Bottom Line: Under the new standards, these procedures and questions are now required and will become standard so don’t be surprised by them – they should be expected.
- Initial Audit Engagements – Opening Balances
Under the old rules (GAAS), when an auditor obtained a new client, he / she was able to use and rely on the opening financial statement balances provided that the client had an audit done in the previous year. Within Canada, it is taken as a given that all auditors are properly trained and governed, and as such the previous audit opinion can be relied upon. With the move to CAS’s (based on International Standards) this assumption regarding auditors training and governance is no longer valid as the new standards must now consider auditors from other countries. The result is that auditors must now obtain their own audit evidence to verify the opening balances of new clients rather than relying on the figures of the previous auditor.
Bottom Line: When switching auditors, additional first year “set-up” costs may be incurred as a result of the new, additional work that auditors must now perform for new clients.
- Subsequent Events
Auditors are required to report all subsequent events (events occurring after the year end) that might materially affect the financial statements. For example, a major contract that is entered into after the year end should be disclosed. This requirement has not changed under the new rules.

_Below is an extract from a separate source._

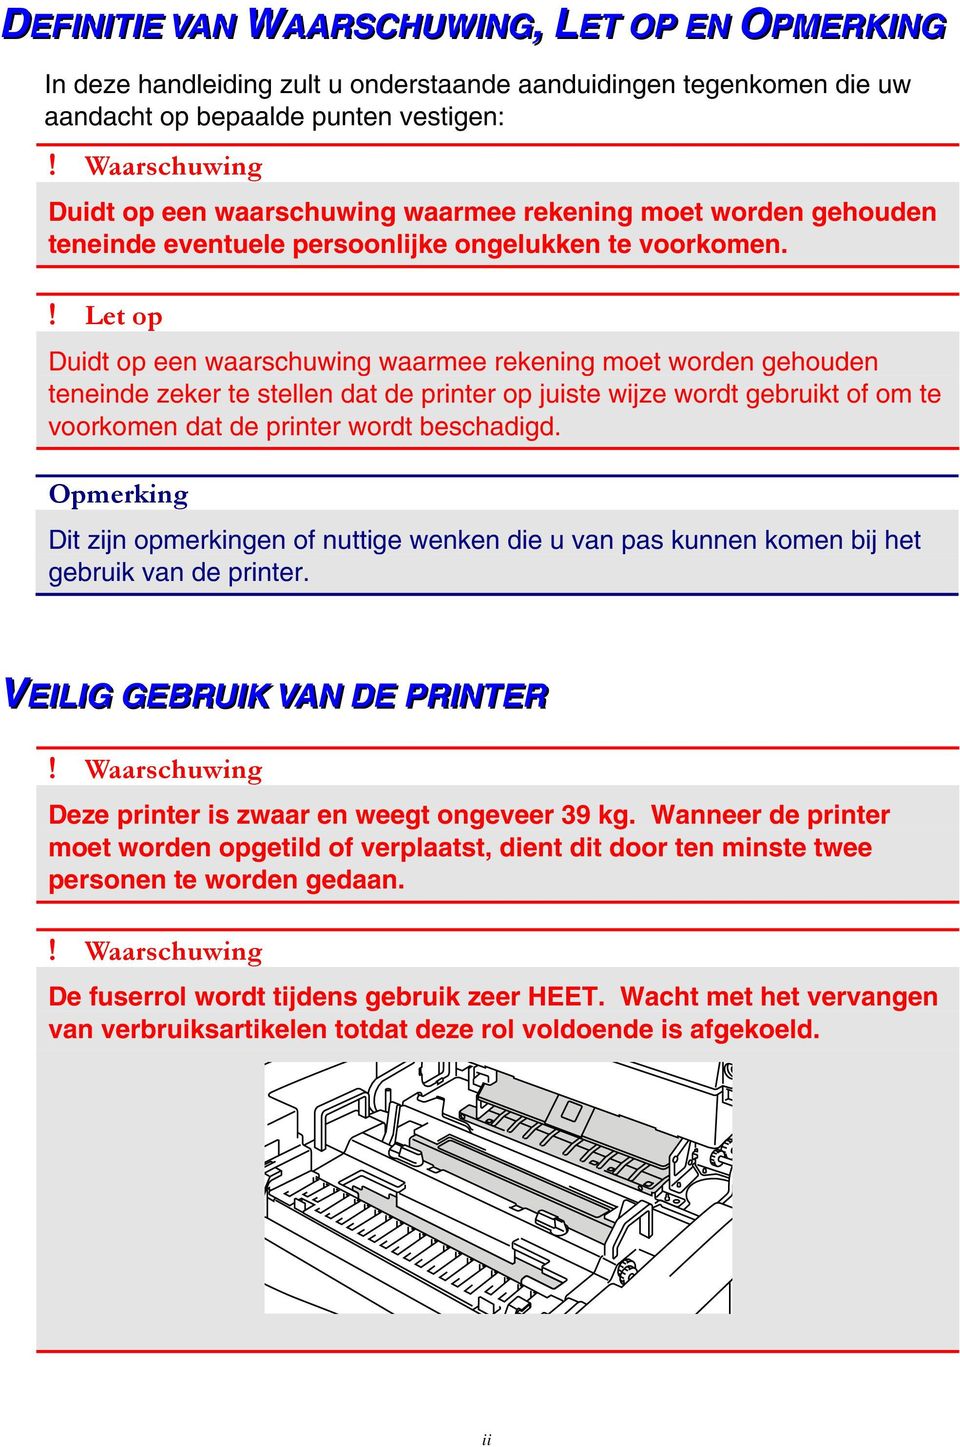 ! Let op Duidt op een waarschuwing waarmee rekening moet worden gehouden teneinde zeker te stellen dat de printer op juiste wijze wordt gebruikt of om te voorkomen dat de printer wordt beschadigd.

What has changed however is the timeframe that auditors must consider for subsequent events. The auditor is required to cover all events up to the date of the financial statements. Under the previous standards, the financial statement date was the day that the auditor substantially completed their audit work. Under the new rules, the financial statement date must be the date that the Board of Directors approves the audit.
For example, in the past, if a corporation had a December 31 year-end and the auditor completed the audit on February 20 the audit report would be dated February 20. The auditor would be responsible to report any material subsequent events up to February 20.
Under the new rules, if the Board of Directors does not get around to approving the audited financial statements until April 4, the auditor must date the audit report April 4 and complete additional subsequent events testing up to April 4 (which, if there is a material event, may change the audit, requiring a new approval date which would require additional subsequent event testing). As you can see, there is a bit of a catch-22 here.
Bottom Line: Reviewing and approving the audit in a timely manner will ensure that additional follow-up work and subsequent event testing is minimized and the AGM can be scheduled appropriately.
While this does not cover all of the changes relating to the new Canadian Auditing Standards, it does address some of the more significant changes that Boards of Directors should be aware of. You may also notice some other minor items, such as Boards now being required to approve the year-end audit journal entries and additional details that have been added to the standard audit report.
If you have additional questions or concerns regarding these changes, we would encourage you to speak directly to your corporation’s auditor as he / she will be familiar with the new standards being used. We especially encourage you to contact your auditor and your property manager if your year-end date is after December 14, 2010 and you notice that any of the above procedures have not been implemented by your auditor.